Trump administration officials did not say whether a series of narco-strikes in the Caribbean could escalate into direct strikes against Venezuelan territory or a broader campaign to oust Maduro. Sen. Richard Blumenthal, D-Conn., told Fox News Digital the briefing was ‘absent of specificity and detail’ and left ‘more questions than answers.’

‘I want to reassert, again, you cannot allow this man to be standing after this display of force, and I did not get a very good answer as to what happens,’ Graham said. ‘What I want is some clarity going forward.
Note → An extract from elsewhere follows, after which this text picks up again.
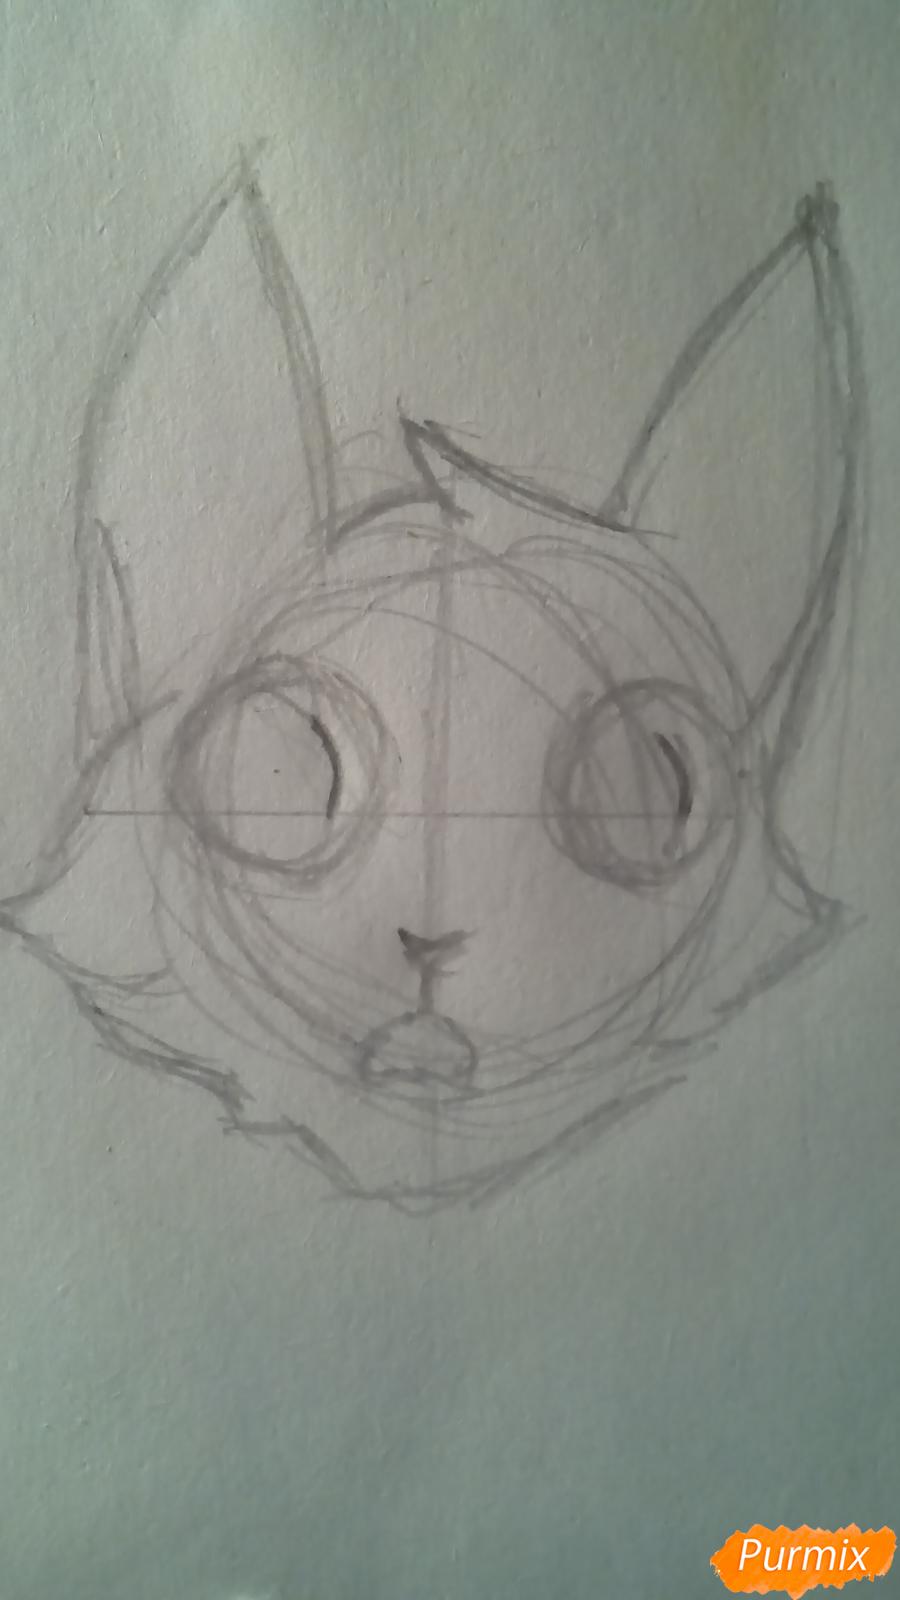 Рисуем кота Мистера Полночь из игры Фрэн Боу карандашами - шаг 2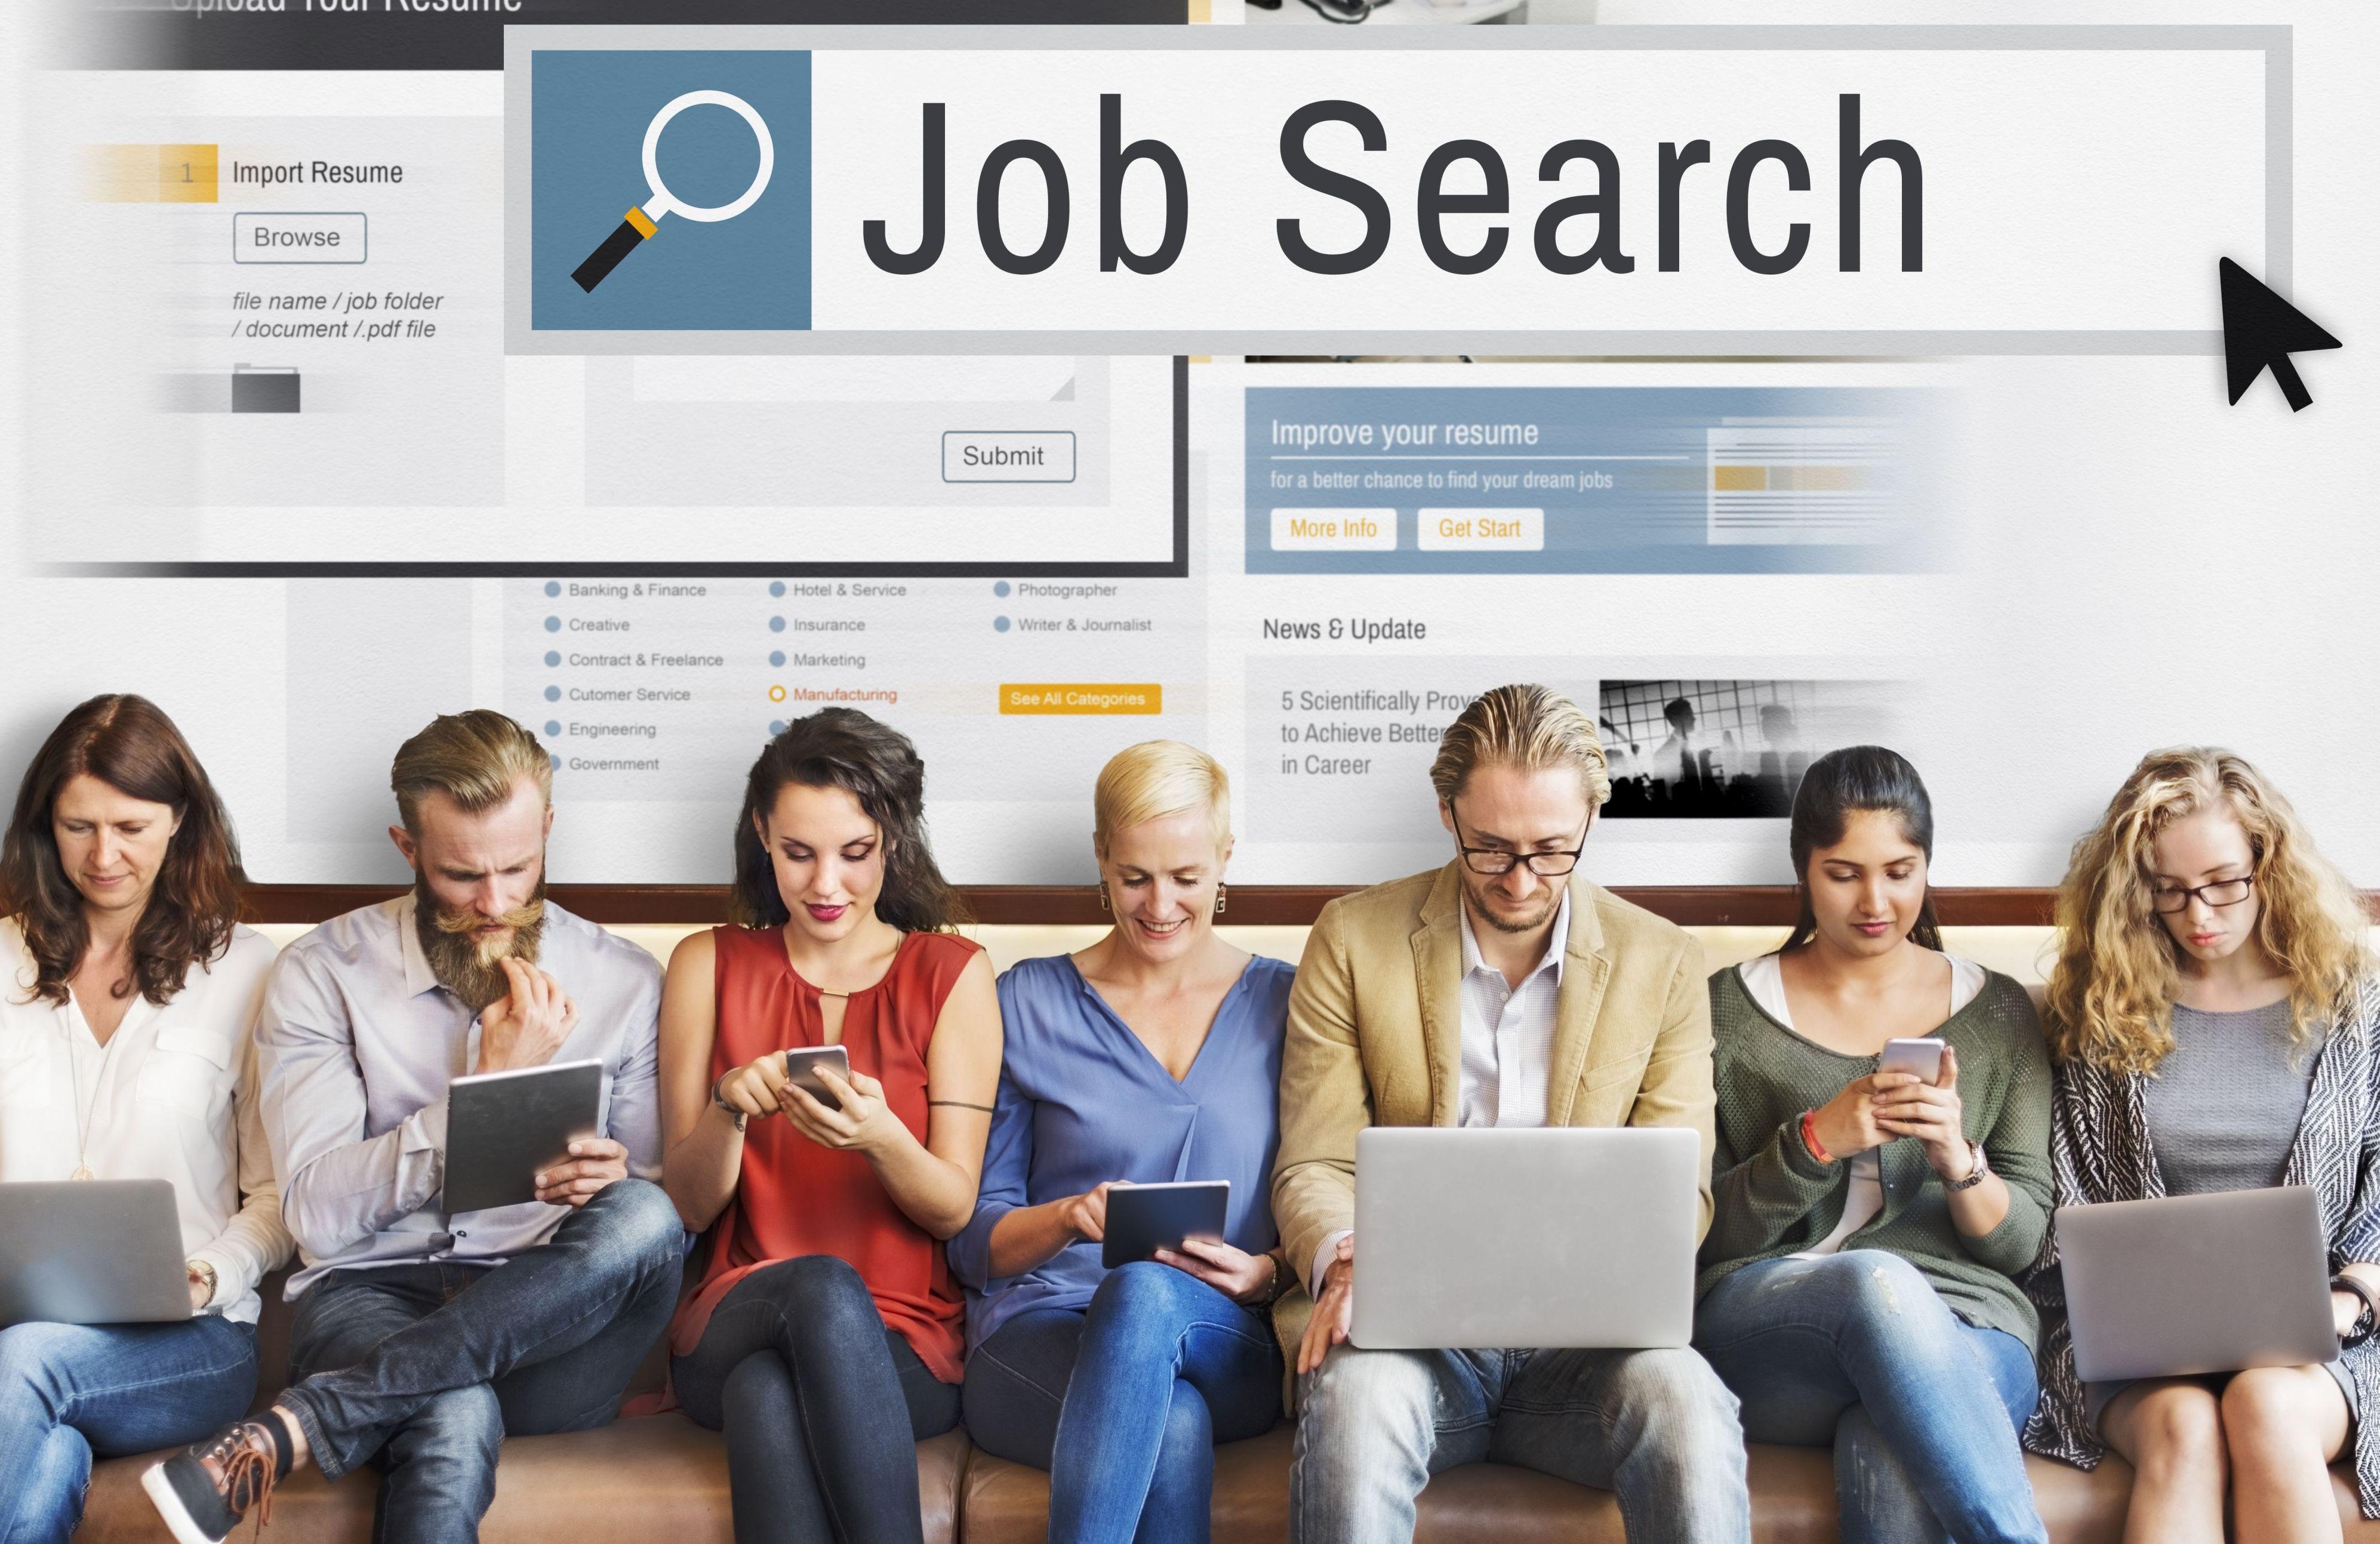 Kryzys w krótkim terminie na rynku pracy przechyli szalę na rzecz firm - kosztem pozycji pracowników, ale w ciągu 1-2 lat będziemy mówić o równowadze. (Fot. Shutterstock)

Is that in fact the goal?… If it’s not the goal, it is a huge mistake.’

Rep. Don Bacon, R-Neb., said he heard from briefers that there is a ‘very good process of determining if something’s a target or not’ before striking narco-trafficking boats, but the administration did not clarify its broader strategy toward the Maduro regime. 

‘Right now the focus has been on the boats,’ Bacon said. ‘I don’t know what we’re doing yet with Venezuela writ large.’

Rep. Gregory Meeks, D-N.Y., said the classified session also failed to address core questions. 

‘I actually think that was, for me, more of an exercise in futility. I really have no answers. Really didn’t gain anything more than what the public already has gotten,’ he said. He added that there was ‘really no conversation about why… we got 15,000 troops there,’ arguing the deployment ‘doesn’t seem to be just about narcotics trafficking.’ 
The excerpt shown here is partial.